Proceeding from this merely negative argument, Tischendorf endeavours to show that not only is Papias not a witness against the fourth Gospel, but that he presents evidence in its favour. The first reason he advances is that Eusebius states: "The same (Papias) made use of testimonies out of the first Epistle of John, and likewise out of that of Peter." [478:3] On the supposed identity of the authorship of the Epistle and Gospel, Tischendorf, as in the case of Polycarp, claims this as evidence for the fourth Gospel. Eusebius, however, does not quote the passages upon which he bases this statement, and, knowing his inaccuracy and the hasty and uncritical manner in which he and the Fathers generally jump at such conclusions, we must reject this as sufficient proof that Papias really did use the Epistle, and that Eusebius did not adopt his opinion from a mere superficial analogy of passages; but, if it were certain that Papias actually quoted from the Epistle, it does not in the least follow that he ascribed it to the Apostle John, and the use of the Epistle would scarcely affect the question as to the character and authorship of the fourth Gospel.
The next testimony advanced by Tischendorf is, indeed, of an extraordinary character. There is a Latin MS. (Vat. Alex. 14) in the Vatican, which Tischendorf assigns to the ninth century, in which there is a preface, by an unknown hand, to the Gospel according to John, which commences as follows: "Evangelium iohannis manifestatum et datum est ecclesiis ab iohanne adhuc in corpore constituto, sicut Papias nomine hierapolitanus discipulus iohannis carus in exotericis id est in extremis quinque libris retulit" ("The Gospel of John was published and given to the churches by John whilst he was still in the flesh, as Papias, named of Hierapolis, an esteemed disciple of John, related in his Exoterics, that is his last five books"). Tischendorf says: "There can, therefore, be no more decided declaration made of the testimony of Papias for the Johannine Gospel." [479:1] He wishes to end the quotation here, and only refers to the continuation, which he is obliged to admit to be untenable, in a note. The passage proceeds: "Disscripsit vero evangelium dictante iohanne recte" ("He [Papias] indeed wrote out the Gospel, John duly dictating"); then follows another passage regarding Marcion, representing him also as a contemporary of John, which Tischendorf likewise confesses to be untrue. [479:2] Now, Tischendorf admits that the writer desires it to be understood that he derived the information that Papias wrote the fourth Gospel at the dictation of John likewise from the work of Papias, and, as it is perfectly impossible, by his own admissions, that Papias, who was not a contemporary of the Apostle, could have stated this, the whole passage is clearly fabulous and written by a person who never saw the book at all. This extraordinary piece of evidence is so obviously absurd that it is passed over in silence by other critics, even of the strongest apologetic tendency, and it stands here a pitiable instance of the arguments to which destitute criticism can be reduced.
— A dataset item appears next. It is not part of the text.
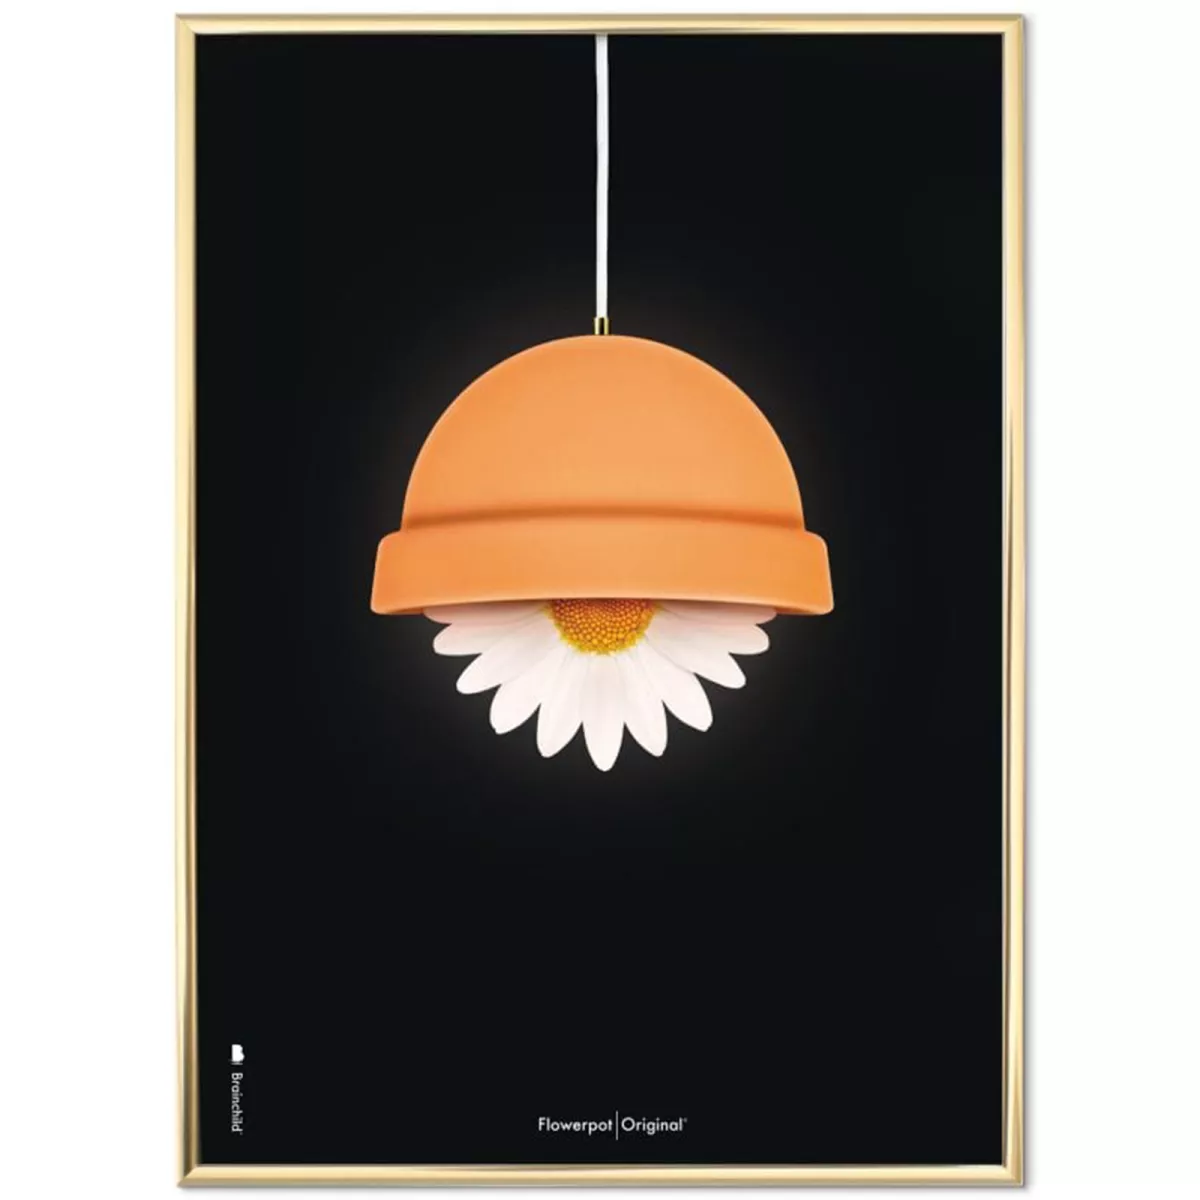 #1 - Plakat med Flowerpot - 50 x 70 cm

In order to do full justice to the last of the arguments of Tischendorf, we shall give it in his own words: "Before we leave Papias, we have still to consider one testimony for the Gospel of John which Irenaeus, 5:36, § 2, quotes out of the very mouth of the Presbyters, those high authorities of Papias: 'And therefore, say they, the Lord declared: In my Father's house are many mansions' (John 14: 2). As the Presbyters set this declaration in connection with the blessedness of the righteous in the City of God, in Paradise, in Heaven, according as they bear fruit thirty, sixty, or one hundred-fold, nothing is more probable than that Irenaeus takes this whole declaration of the Presbyters, which he gives, §§ 1-2, like the preceding description of the thousand years' reign, from the work of Papias. But whether this be its origin or not, the authority of the Presbyters is in any case higher than that of Papias," etc. [480:1] Now in the quotation from Irenaeus given in this passage, Tischendorf renders the oblique construction of the text by inserting "say they," referring to the Presbyters of Papias; and, as he does not give the original, he should at least have indicated that these words are supplementary. We shall endeavour as briefly as possible to state the facts of the case.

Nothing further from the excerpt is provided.